La clause éthique en point de rupture

Le différend portait sur le texte du contrat que le Pentagone souhaite utiliser pour accéder à Claude. Selon le Financial Times, une partie concernant l’analyse de données collectées à grande échelle était particulièrement sensible. Anthropic considère cela comme une porte ouverte vers des applications que l’entreprise cherche précisément à interdire.

Lorsque Anthropic a refusé de faire des concessions, le ministre de la Défense Pete Hegseth a menacé de classer l’entreprise comme « risque pour la chaîne d’approvisionnement ». Ce label peut avoir des conséquences graves, dissuadant fournisseurs et partenaires de collaborer avec Anthropic. The Verge décrit cette mesure comme faisant suite à des tentatives du Pentagone pour que Anthropic accorde plus de latitude à un usage militaire.

Pourquoi Anthropic revient à la table des négociations

Le retour d’Anthropic à la table des discussions ressemble fortement à une stratégie de limitation des dégâts. L’entreprise aime se positionner comme principielle, mais elle ne peut se permettre d’être définitivement exclue des contrats gouvernementaux américains. Les rapports mentionnent un accord de deux cents millions de dollars concernant l’utilisation de la technologie Anthropic dans le domaine de la sécurité nationale.

Selon le Financial Times, Amodei est en discussion avec le sous-secrétaire Emil Michael pour sauver les négociations. Toutefois, une forte irritation persiste en arrière-plan.

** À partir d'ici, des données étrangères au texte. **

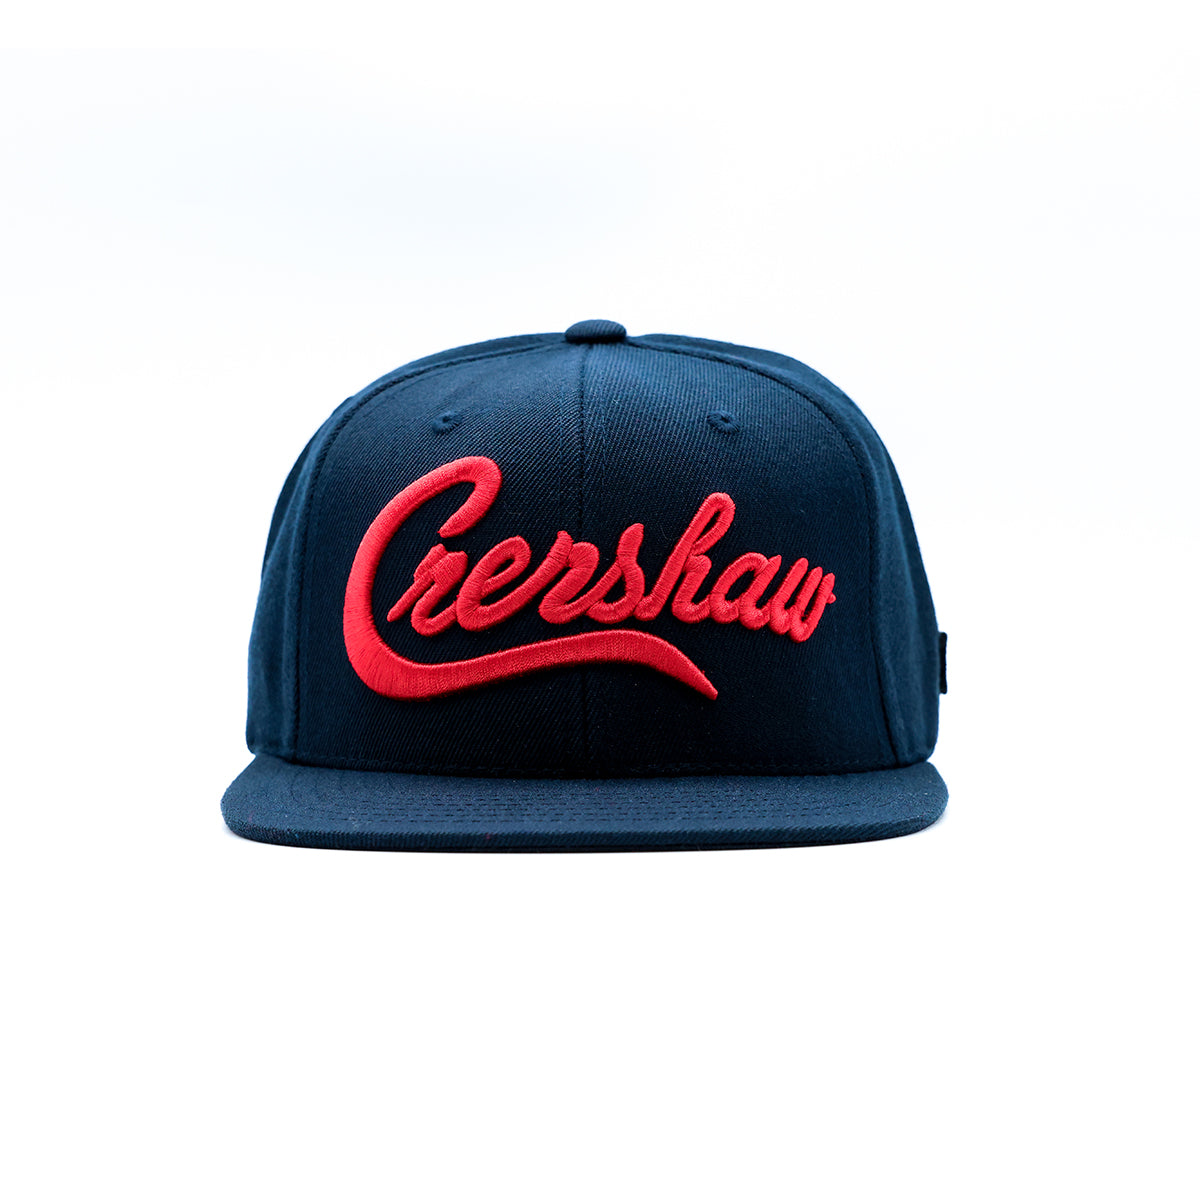 Crenshaw Limited Edition Snapback - Navy/Red - Front

L’article décrit comment le ton s’est durci entre les deux parties au cours de la période récente.

Pour le marché plus large de la tech et de l’IA, c’est un signal que les règles concernant les applications d’IA « autorisées » ne sont pas encore pleinement définies. Cela n’affecte pas seulement les contrats de défense, mais pose aussi la question de la sévérité avec laquelle les entreprises peuvent fixer leurs propres limites de sécurité sans perdre clients ou gouvernements.

OpenAI a comblé le vide mais a directement fait face à des critiques

Lorsque Anthropic a été temporairement écartée, OpenAI a pu rapidement se rapprocher du Pentagone. Mais cette précipitation a tourné à son désavantage. Sam Altman a admis peu de temps après qu’OpenAI n’aurait pas dû précipiter l’accord, admettant que cela pouvait sembler « opportuniste et bâclé ». OpenAI a indiqué qu’elle ajusterait les accords, ajoutant des restrictions supplémentaires concernant la surveillance et l’utilisation de l’IA sans contrôle humain.

Cela rend la situation d’autant plus délicate pour Anthropic. Si OpenAI parvient à trouver un langage contractuel que le Pentagone accepte, un précédent sera créé, difficile à ignorer pour d’autres entreprises d’IA. Si Anthropic réussit à revenir avec ses propres conditions, cela pourrait fixer une norme pour des restrictions plus strictes sur l’utilisation militaire de l’IA.